# Start


This script prepares houly Vapor Pressure Deficit (VPD) data from ERATOS and matches it with VPD from field observations for subsequent analysis.


In [None]:
working_dir = '../..'  # This repository's root directory
input_file_name = 'in-situ_topography_fc.csv'
output_file_name = 'eratos_vpd_fc.csv'

eratos_rh_path = 'Data/eratos/ANU_CombinedSites_RH.csv'
eratos_temp_path = 'Data/eratos/ANU_CombinedSites_Temp.csv'
eratos_sdi_path = 'Data/eratos/ANU_CombinedSites_SDI.csv'  # daily

In [None]:
import sys

sys.path.append(working_dir)
import os

from tqdm import tqdm

tqdm.pandas()
import numpy as np
import pandas as pd

from Utils.datetime import add_UTC_Datetime
from Utils.vpd import calculate_vpd

# Loading in-situ data


In [None]:
# Load in-situ_topography.csv as the main df

df = pd.read_csv(os.path.join(working_dir, "output", "csv", input_file_name))
# df = df[~df['VPD'].isna()]
df['Datetime'] = pd.to_datetime(df['Datetime'])
if 'UTC_Datetime' in df.columns:
    df['UTC_Datetime'] = pd.to_datetime(df['UTC_Datetime'])
else:
    df = add_UTC_Datetime(df)
df.head()

# Loading ERATOS data

In [None]:
eratos_rh_data_dir = os.path.join(working_dir, eratos_rh_path)
eratos_rh_df = pd.read_csv(eratos_rh_data_dir)
eratos_rh_df.head()

In [None]:
eratos_temp_data_dir = os.path.join(working_dir, eratos_temp_path)
eratos_temp_df = pd.read_csv(eratos_temp_data_dir)
eratos_temp_df.head()

# Combining in-situ and remote data into a single dataframe

In [None]:
# Fill in df with eratos data


# For each row, open eratos data csv file one-by-one to get data
def get_eratos_value(row, eratos_df):
    SiteID_str = str(row['SiteID'])
    SiteID_str = ''.join(c for c in SiteID_str if c.isdigit())

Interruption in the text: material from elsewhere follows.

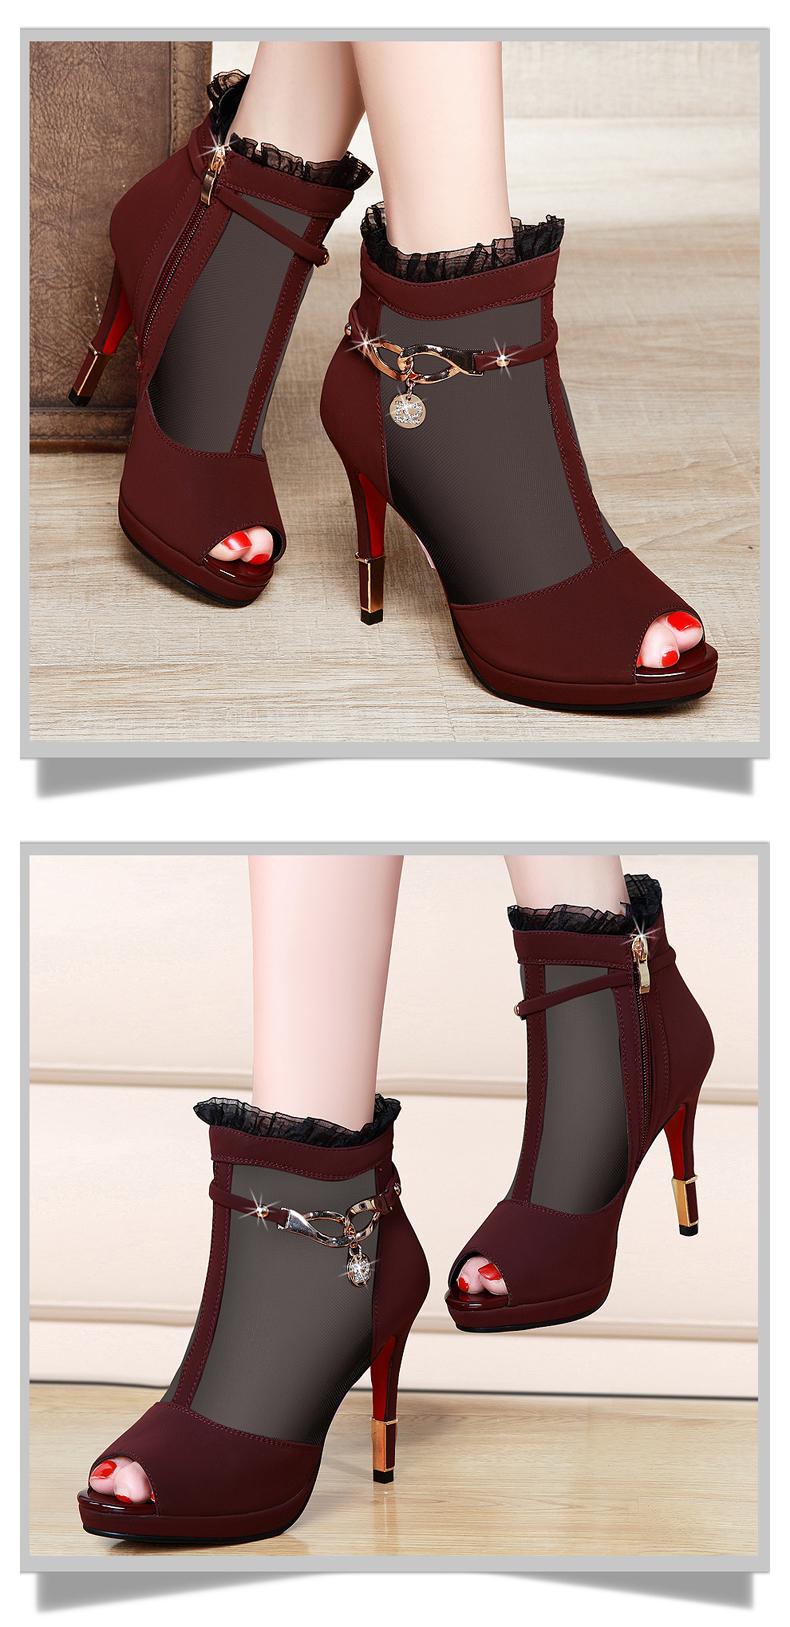 【邻家天使浪淘沙专卖店】单靴女高跟鞋细跟短靴2016.

    target_time = row['UTC_Datetime'].round('1h').strftime('%Y-%m-%d %H:%M:%S')
    try:
        eratos_value = eratos_df.loc[eratos_df['Date_time'] == target_time, SiteID_str].values[0]
        return eratos_value
    except (IndexError, KeyError):
        return np.nan


df['eratos_Temperature'] = df.progress_apply(
    lambda row: get_eratos_value(row, eratos_temp_df), axis=1
)
df['eratos_RH'] = df.progress_apply(lambda row: get_eratos_value(row, eratos_rh_df), axis=1)
df.head()

In [None]:
# Investigate the result - There are only NaNs in veg_cover column
df[df.isna().any(axis=1)]

# Calculating remote VPD from remote temperature and remote relative humidity

In [None]:
df['eratos_VPD'] = df.apply(
    lambda row: calculate_vpd(row['eratos_Temperature'], row['eratos_RH']), axis=1
)
df.head()

# Save the resulting dataframes

In [None]:
df = df[~df['eratos_VPD'].isna()]
df.to_csv(os.path.join(working_dir, "output", "csv", output_file_name), index=False)